Task directions ▸ Nothing outside the range below should be printed. Output exactly the lines from the line with "Model Railroader - Magazine" to the line with "Landschaftsbilder. Drei kleinformatige", both included.

Start of Material for this task

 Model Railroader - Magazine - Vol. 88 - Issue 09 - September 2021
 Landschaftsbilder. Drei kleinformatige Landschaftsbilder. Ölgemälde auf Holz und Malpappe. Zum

End of Material for this task
Start of Material for this task

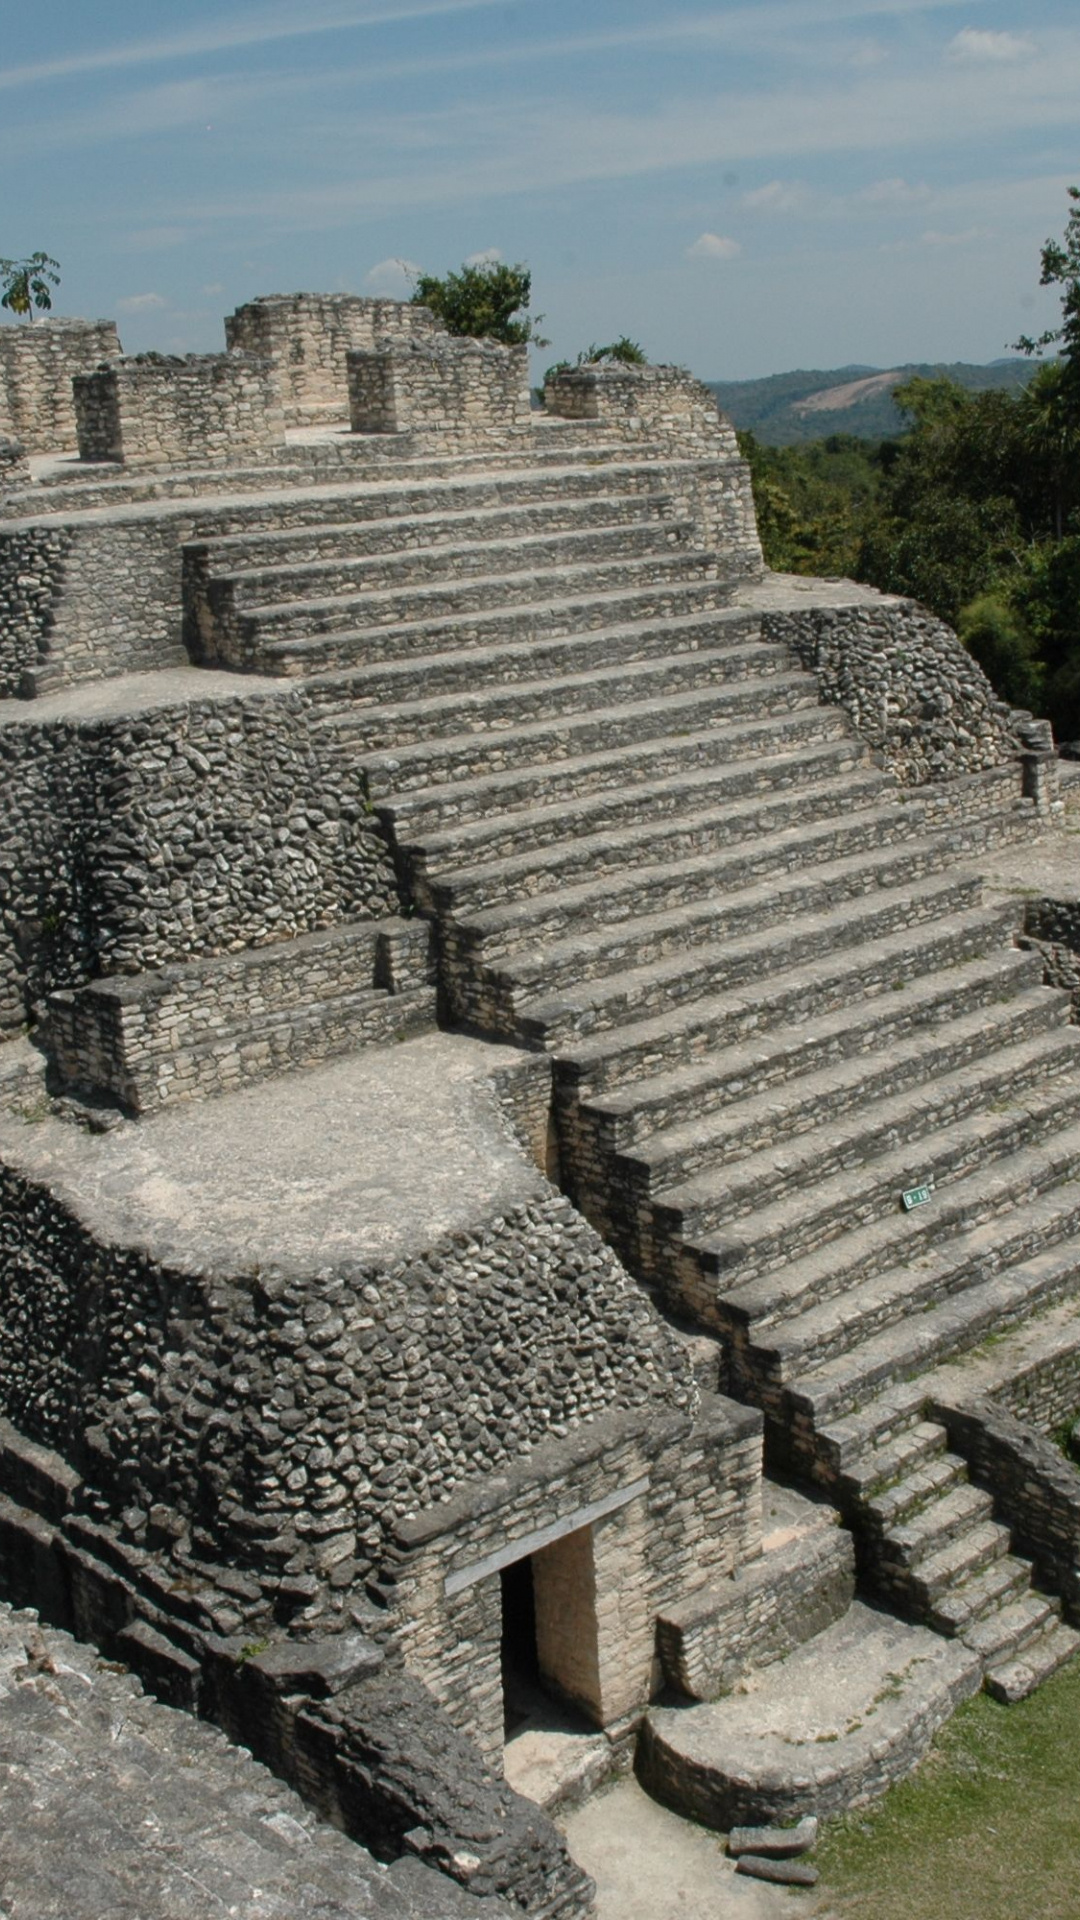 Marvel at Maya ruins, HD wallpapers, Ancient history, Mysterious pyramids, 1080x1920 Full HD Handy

End of Material for this task

Solved exercise ▸
 Model Railroader - Magazine - Vol. 88 - Issue 09 - September 2021
 Landschaftsbilder. Drei kleinformatige Landschaftsbilder. Ölgemälde auf Holz und Malpappe. Zum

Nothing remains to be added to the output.